Pictures in the entries below are excluded; copy only the lines from the one containing "ペレット革新発揮する【7個セット】ラクレッシュ L8020菌 マウスウォッシュ" to the one containing "Yunan Mutfağının Aslında", both included.

- Source material:
**********
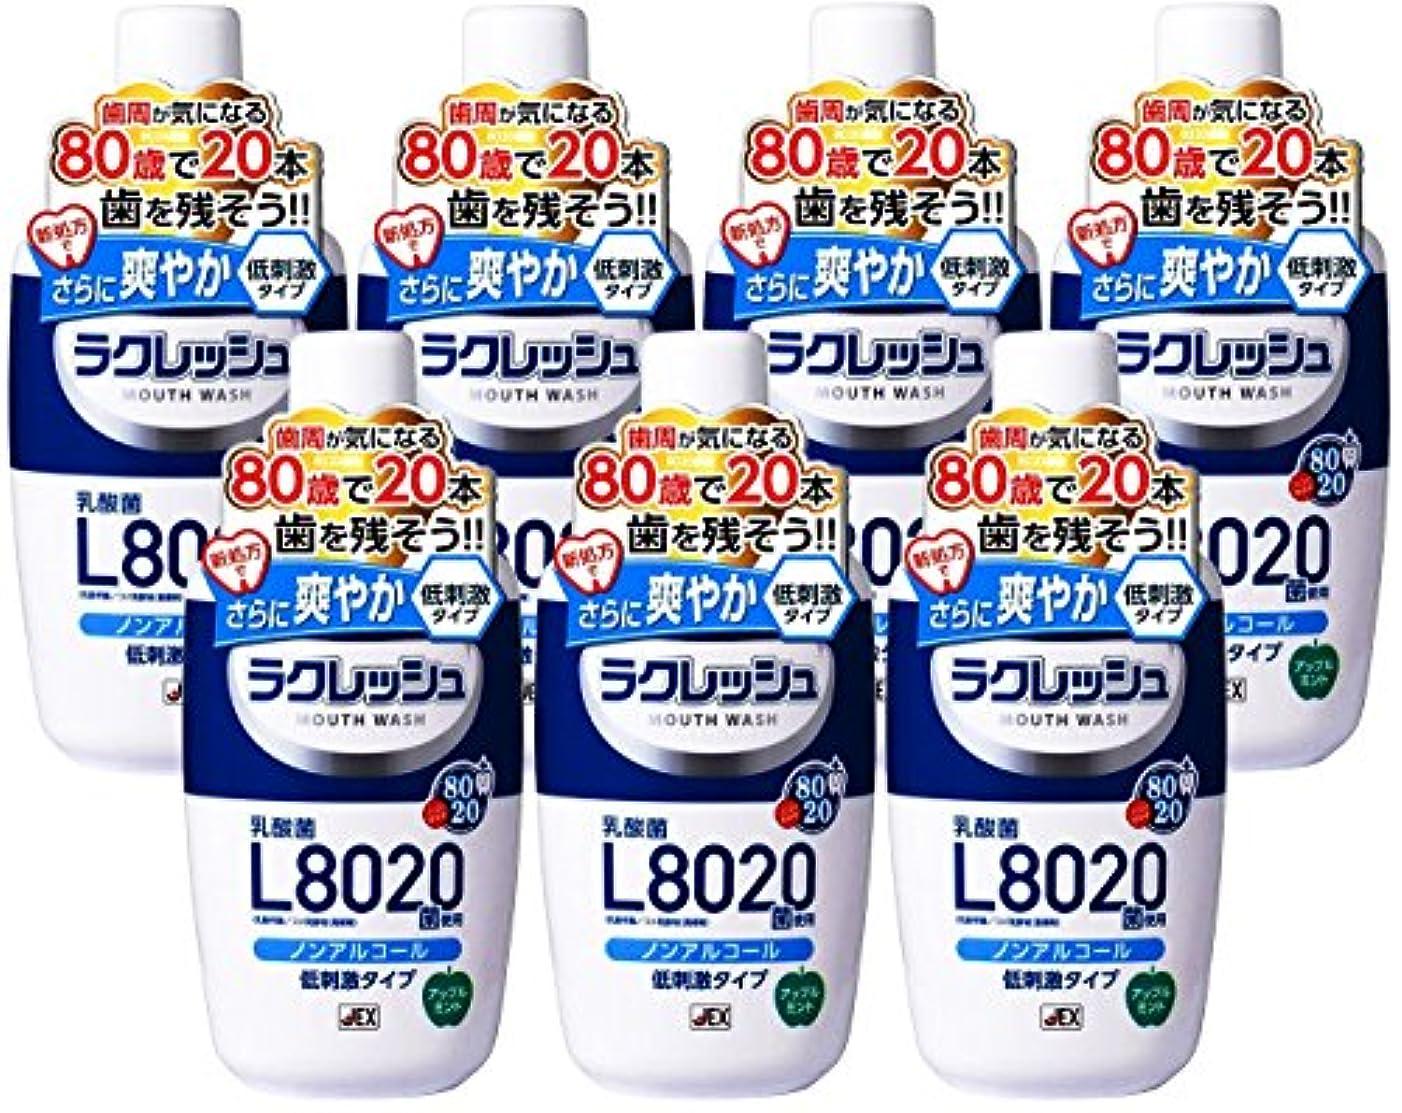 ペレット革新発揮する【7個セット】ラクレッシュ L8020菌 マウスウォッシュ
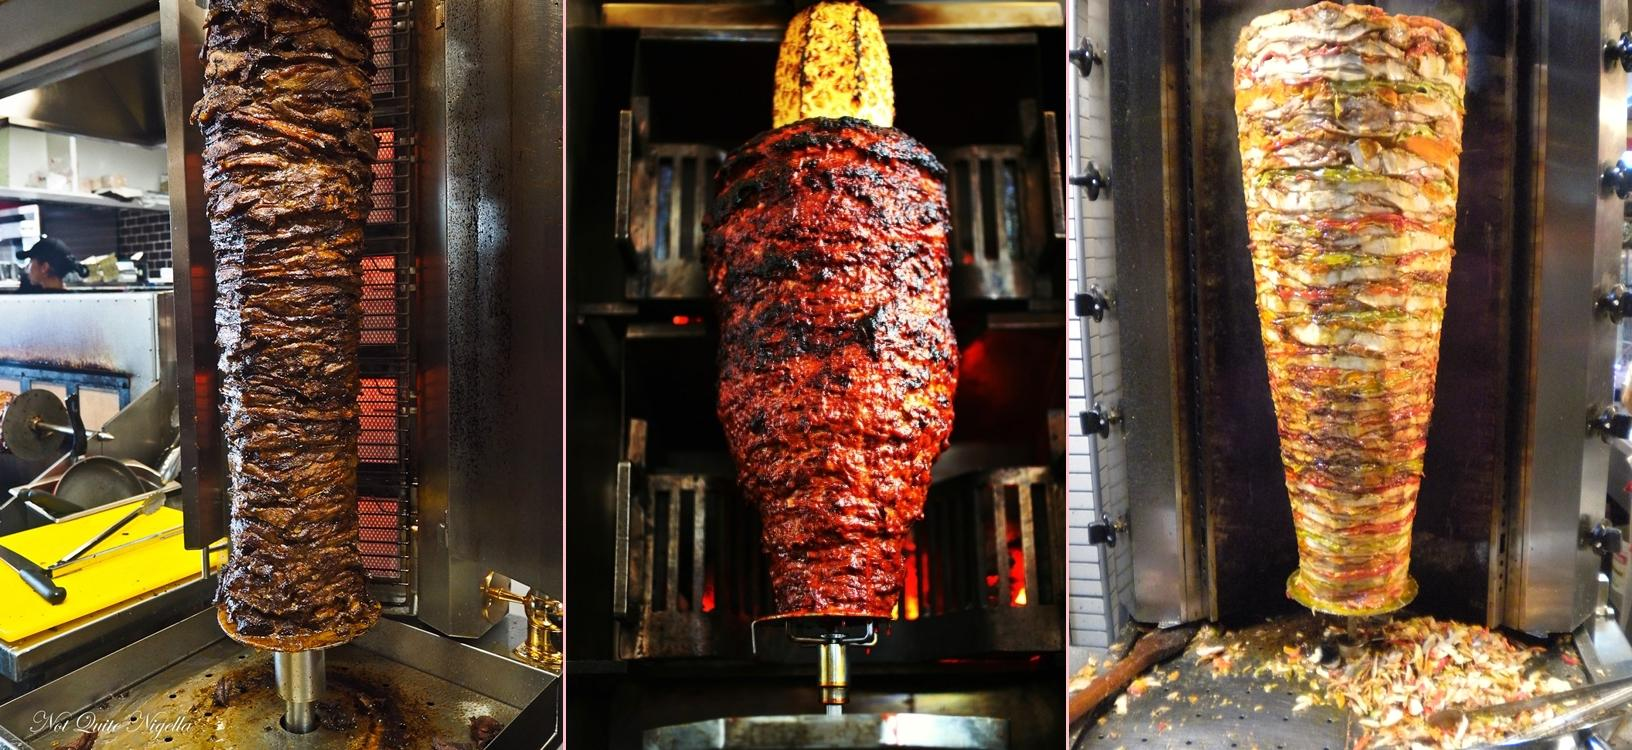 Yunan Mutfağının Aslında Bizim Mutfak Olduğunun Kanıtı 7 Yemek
**********
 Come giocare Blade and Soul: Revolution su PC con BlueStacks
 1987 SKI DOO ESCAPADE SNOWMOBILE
**********
- Response to this exercise:
 ペレット革新発揮する【7個セット】ラクレッシュ L8020菌 マウスウォッシュ
 Yunan Mutfağının Aslında Bizim Mutfak Olduğunun Kanıtı 7 Yemek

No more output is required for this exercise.